■ **INFORMATION PROVIDED**
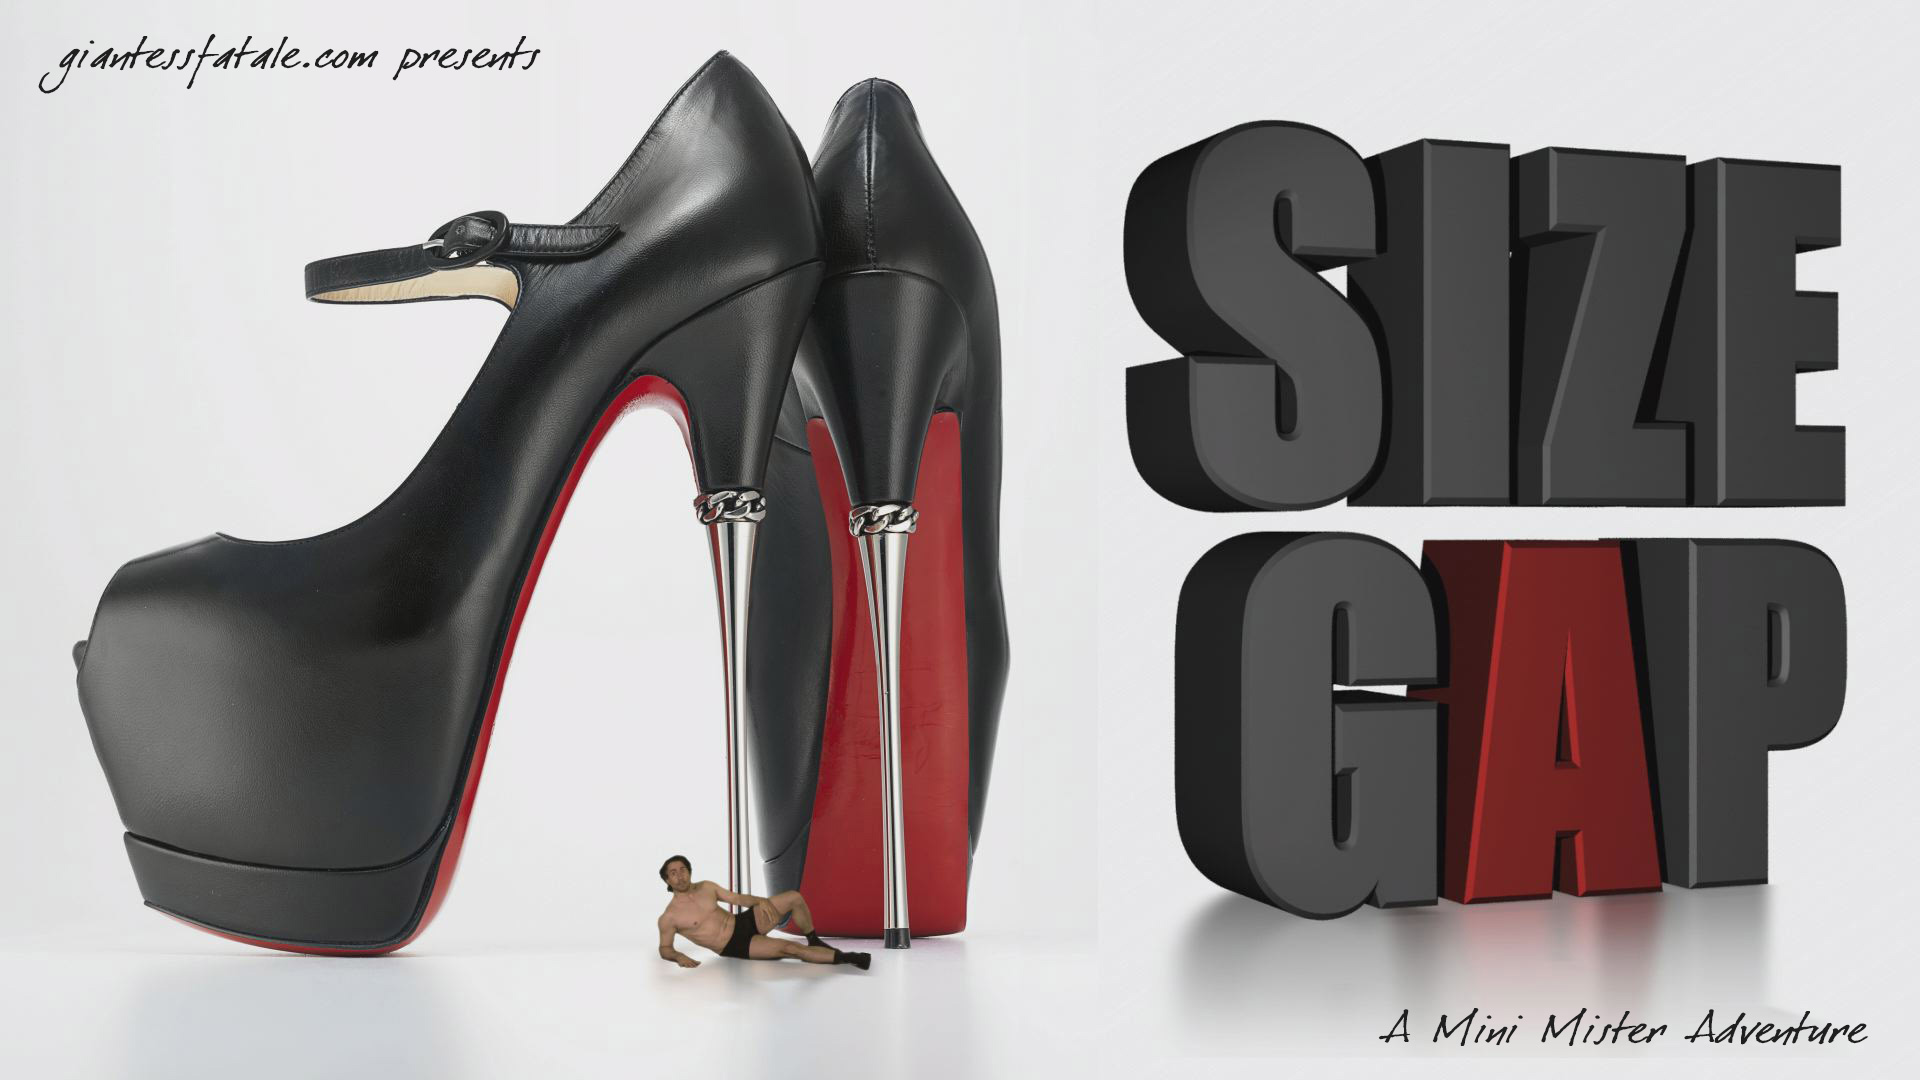 Size Gap Poster
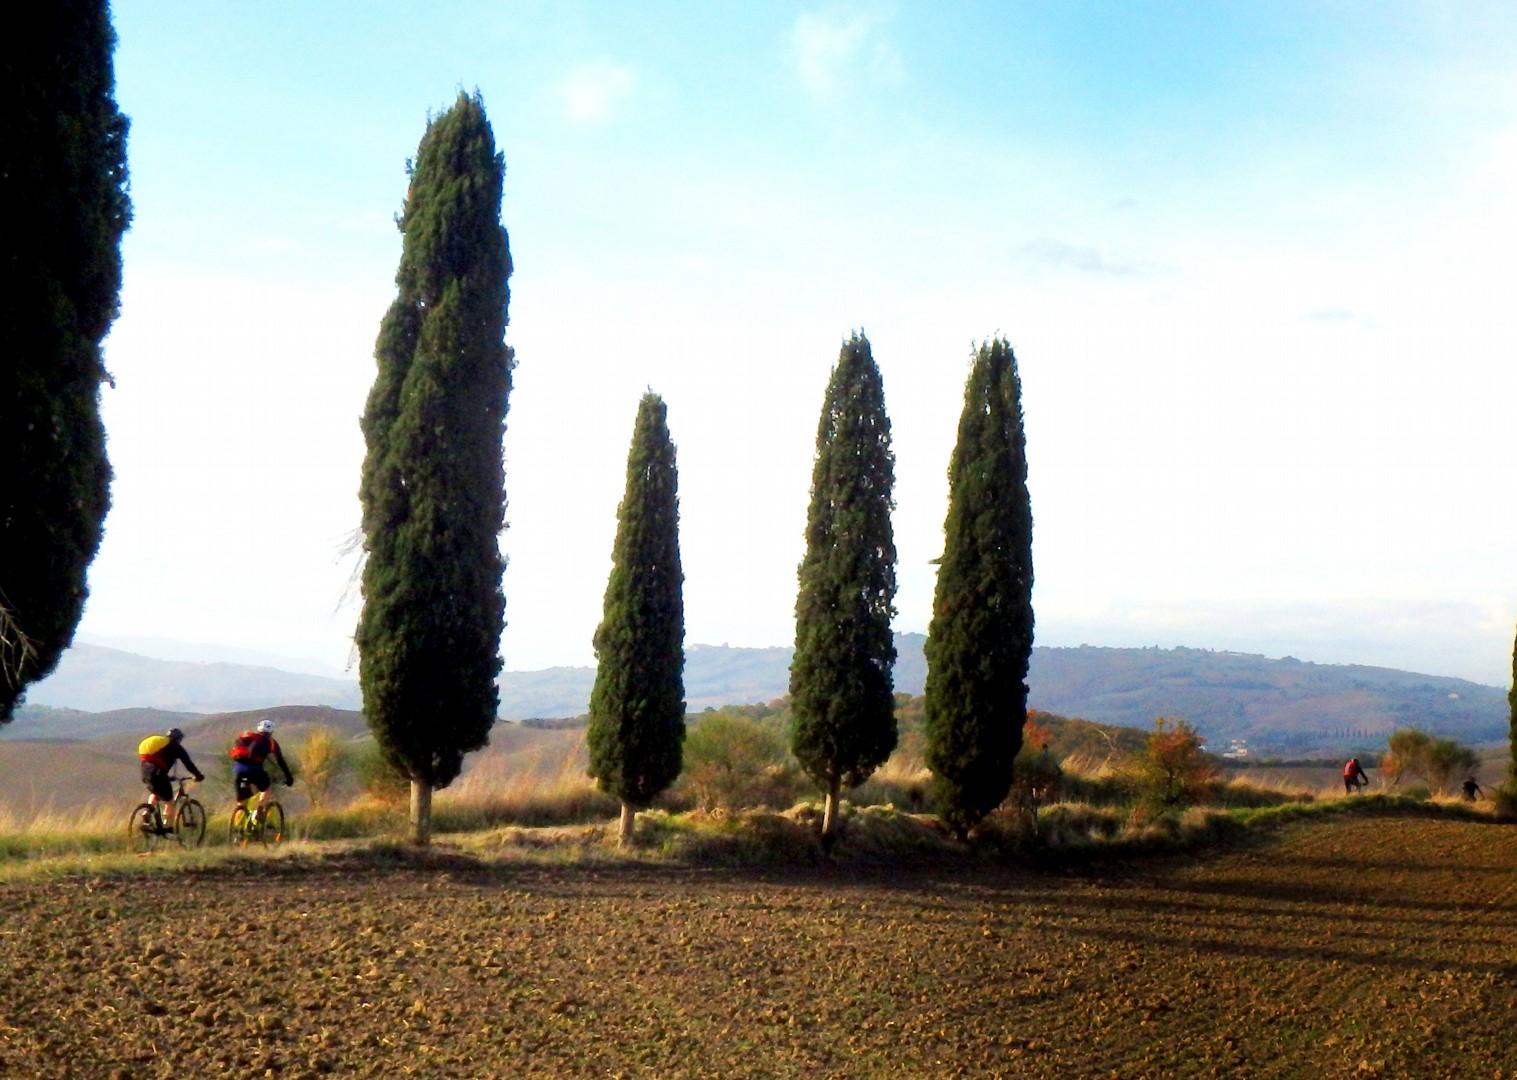 self-guided-mountain-bike-holiday-tuscany-to-rome-trip-saddle-skedaddle.jpg - Italy - Via Francigena (Tuscany to Rome) - Self-Guided Mountain Bike Holiday - Mountain Biking
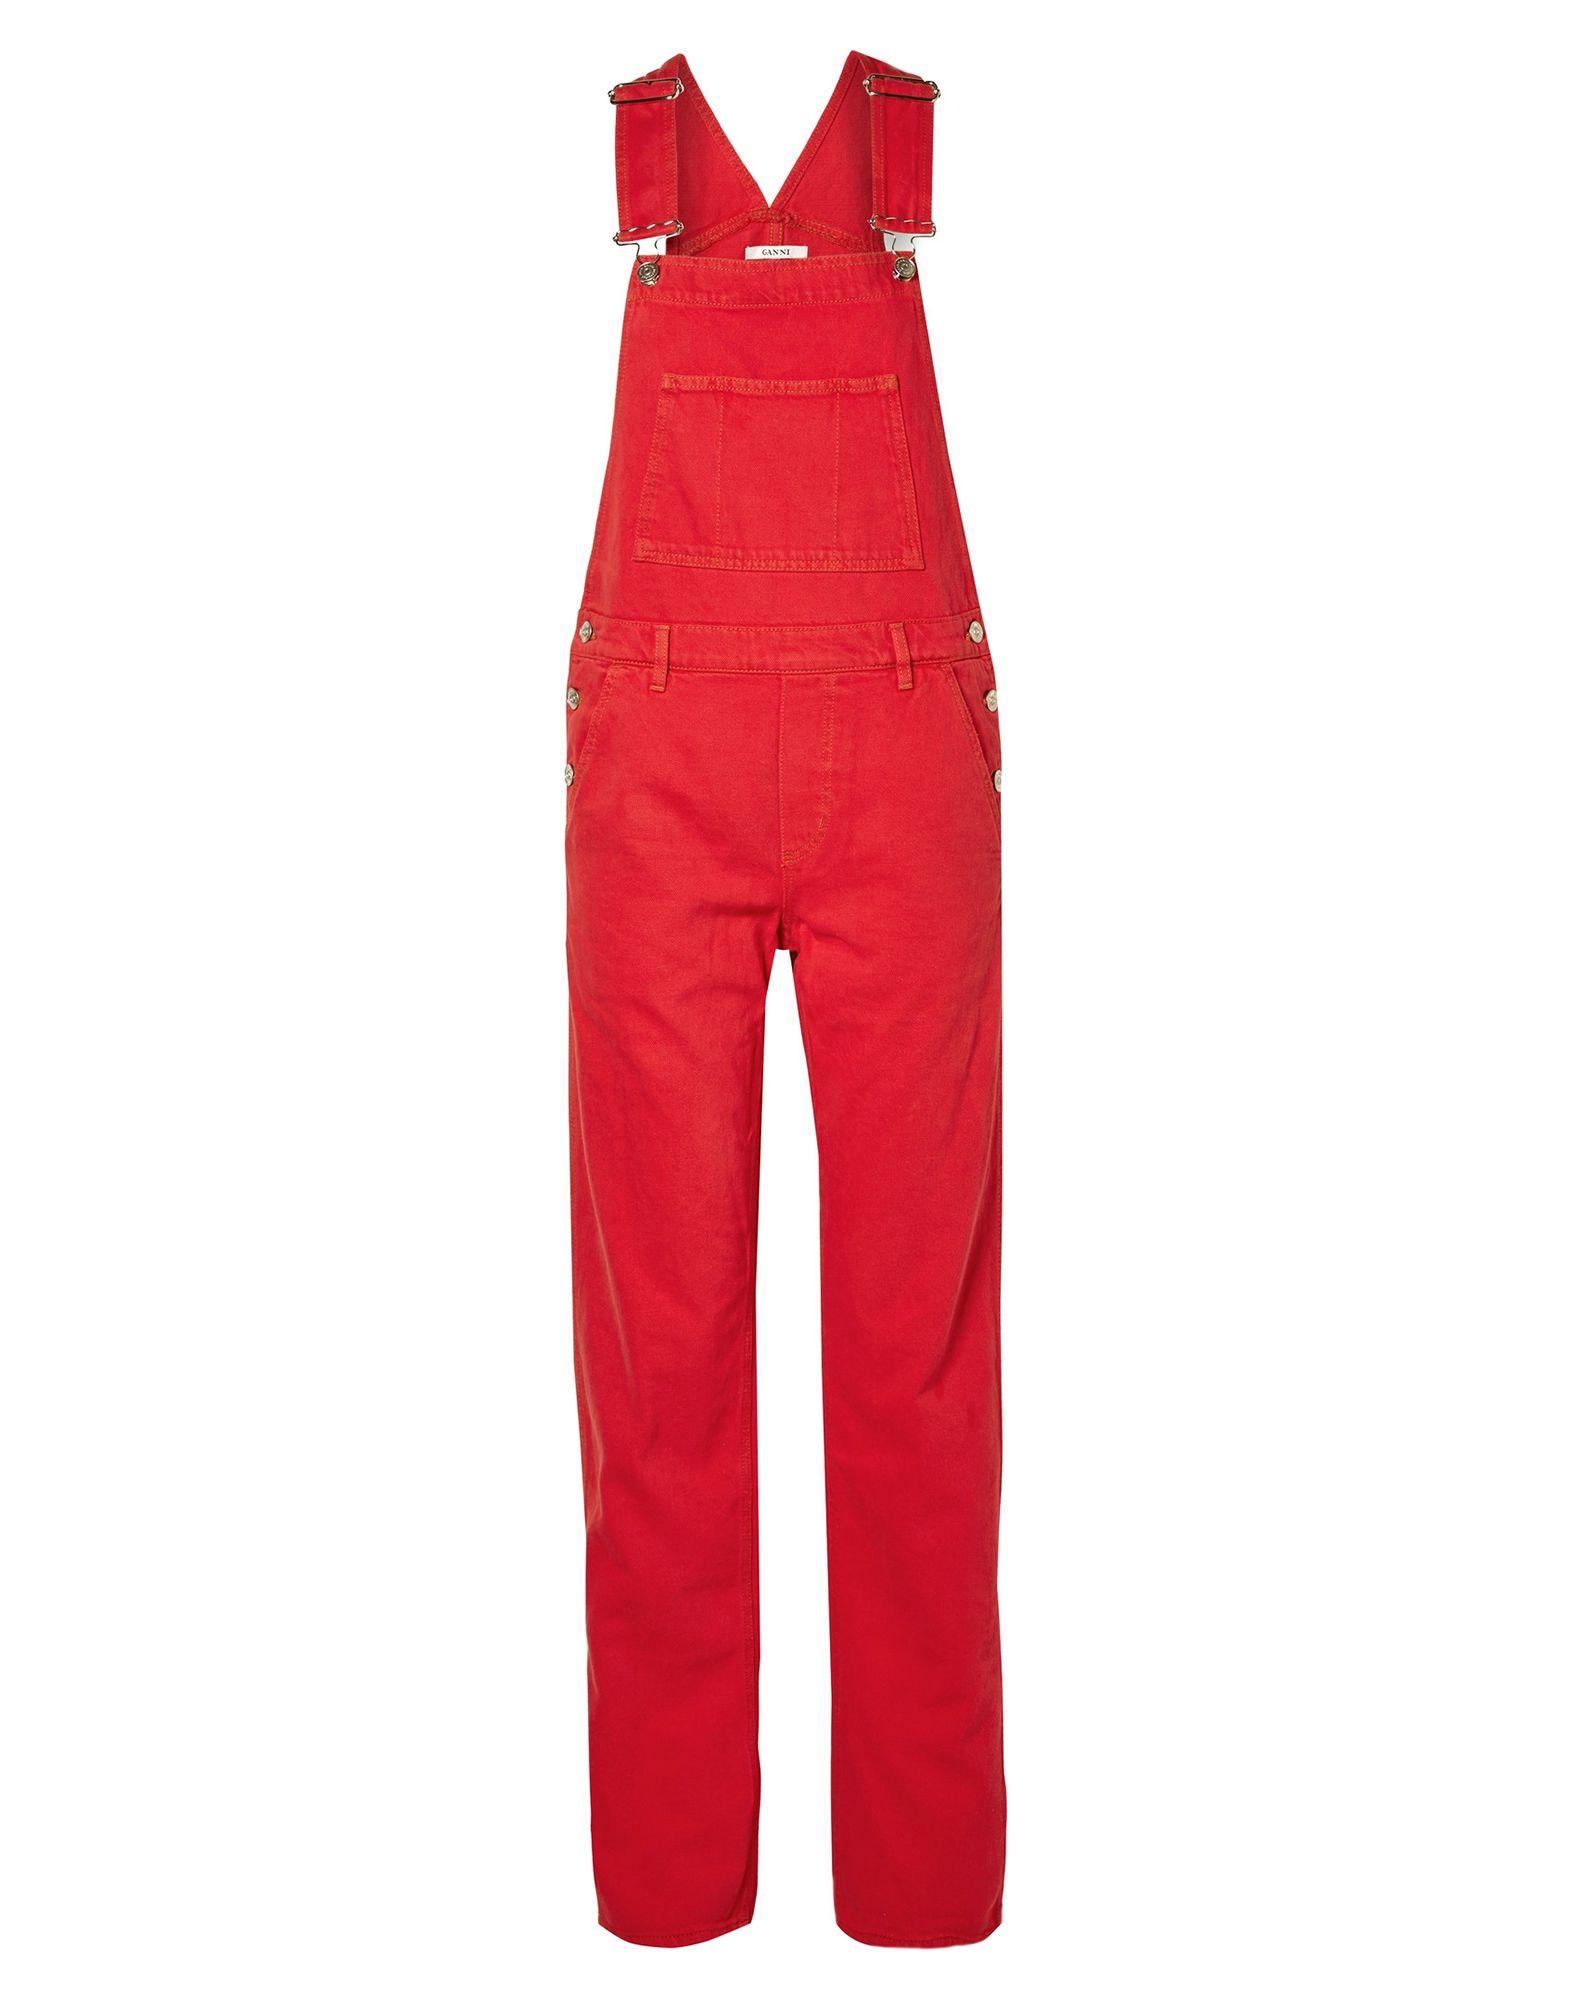 GANNI Overalls. denim, no appliqués, solid color, overalls top, sleeveless, multipockets, button closing, side closure. 100% Cotton

■ **REQUIRED ACTION**
Images are to be skipped, and each line above is to be returned exactly.

■ **RESPONSE**
 Size Gap Poster
 self-guided-mountain-bike-holiday-tuscany-to-rome-trip-saddle-skedaddle.jpg - Italy - Via Francigena (Tuscany to Rome) - Self-Guided Mountain Bike Holiday - Mountain Biking
 GANNI Overalls. denim, no appliqués, solid color, overalls top, sleeveless, multipockets, button closing, side closure. 100% Cotton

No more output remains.